13. The steering system of claim 9, wherein:

there are 2 pairs of electrodes lining the nozzle, each electrode of the two pairs being circumferentially offset by 90°.

14. The steering system of claim 9, wherein:

there are 3 pairs of electrodes lining the nozzle, each electrode of the two pairs being circumferentially offset by 60°.

15. The steering system of claim 9, wherein:

the high-voltage DC supply is a low voltage supply driving a step-up DC converter.

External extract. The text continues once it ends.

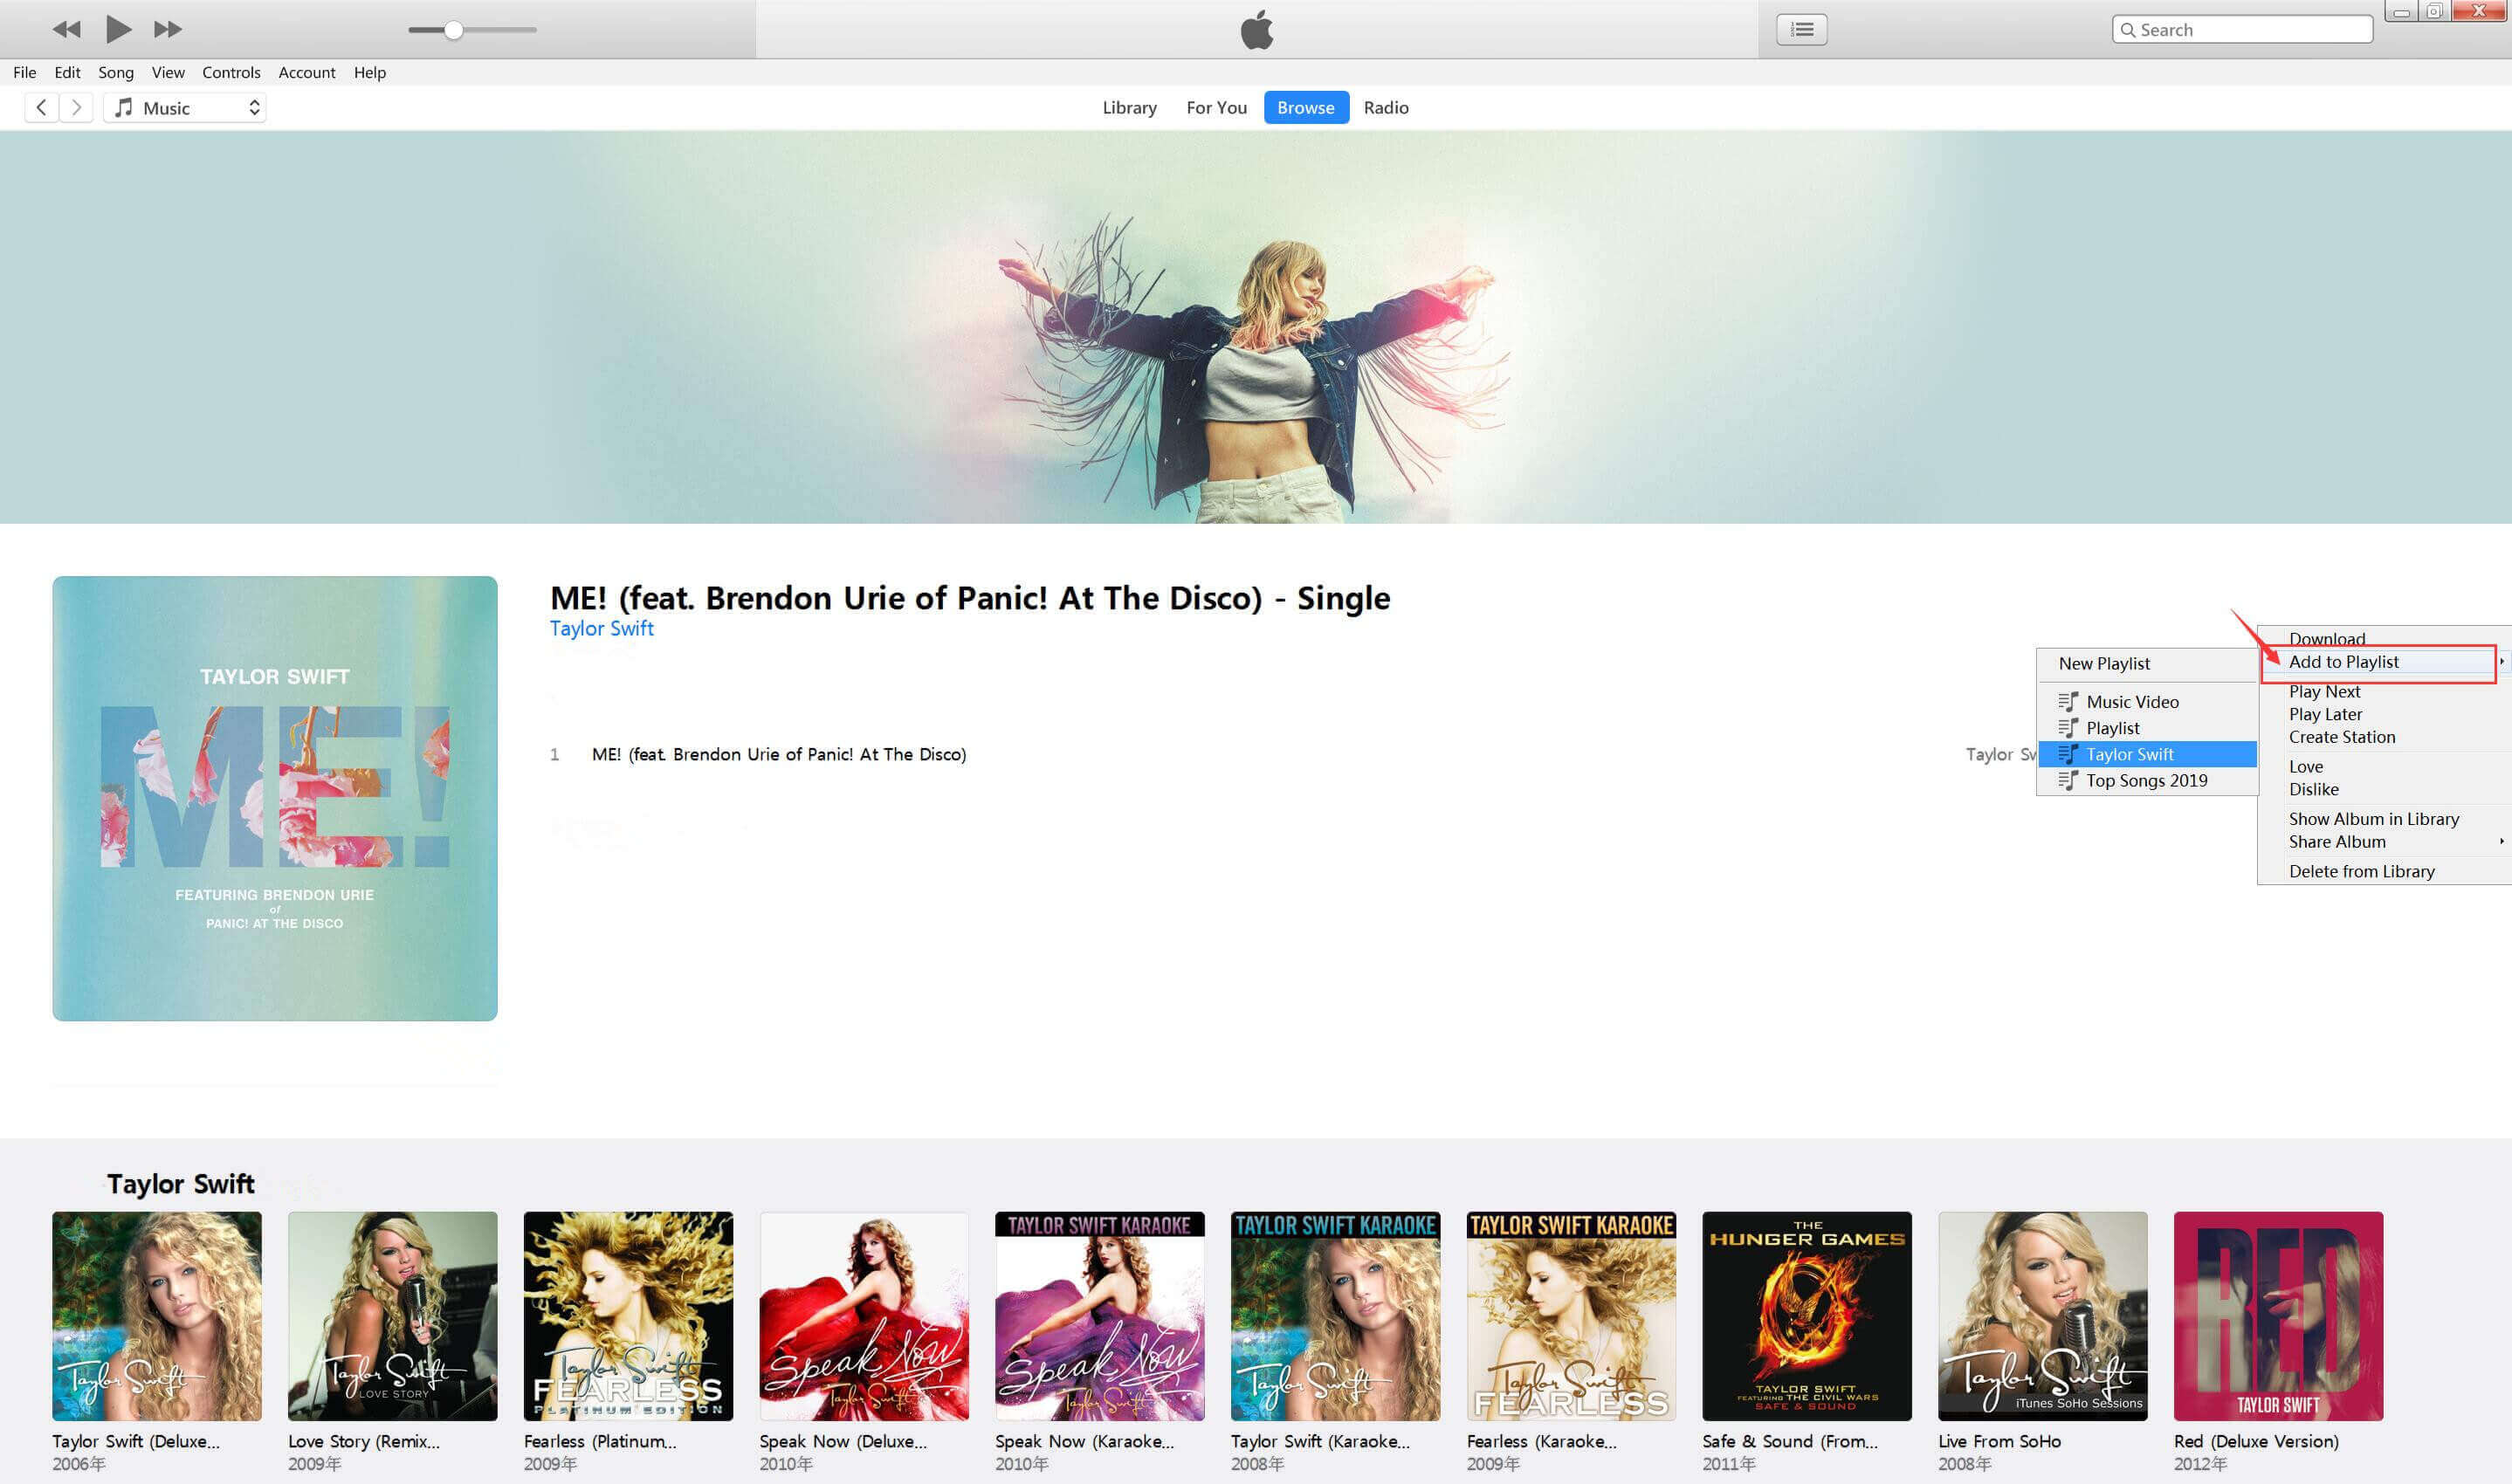 add Taylor Swift Songs from iTunes Store to iTunes Library

16. A rocket propulsion system for steering a rocket using an electric field to vector a thrust of the propulsion system, the system comprising:

a chemical engine configured to oxidize or catalyze a propellant and produce an exhaust jet along a longitudinal jet axis and through an engine nozzle in a direction opposite the rocket thrust;

one or more pairs of parallel electrodes distributed circumferentially and along an electrode length of the nozzle, each pair arranged laterally for independently straddling the exhaust jet, the nozzle including a region beyond a nozzle exit;

a steering control configured to set a field intensity of the strong electric field proportional to a desired vectoring angle of the exhaust jet with respect to the longitudinal axis, the control also configured to weight among all of the one or more electrode pairs a pair voltage sent by the DC supply to each of the one or more electrode pairs, the weighting for steering the deflected exhaust to a desired azimuth; and

where positively charged particles in the exhaust jet are accelerated laterally toward a negatively charged side of the one or more electrode pairs by the electric field.

17. The steering system of claim 16, wherein:

where the nozzle region includes extending the one or more electrode pairs outward from the nozzle exit.

18. The steering system of claim 16, wherein:

the propellant is one of hydrogen, kerosene, methane, and another hydrocarbon fuel.

19. The steering system of claim 16, wherein:

where the propellant is hydrazine.

20. The steering system of claim 16, wherein:

where the lateral acceleration by the strong field generates a lateral force competitive with the longitudinal thrust according to a geometric tangent of the vectoring angle.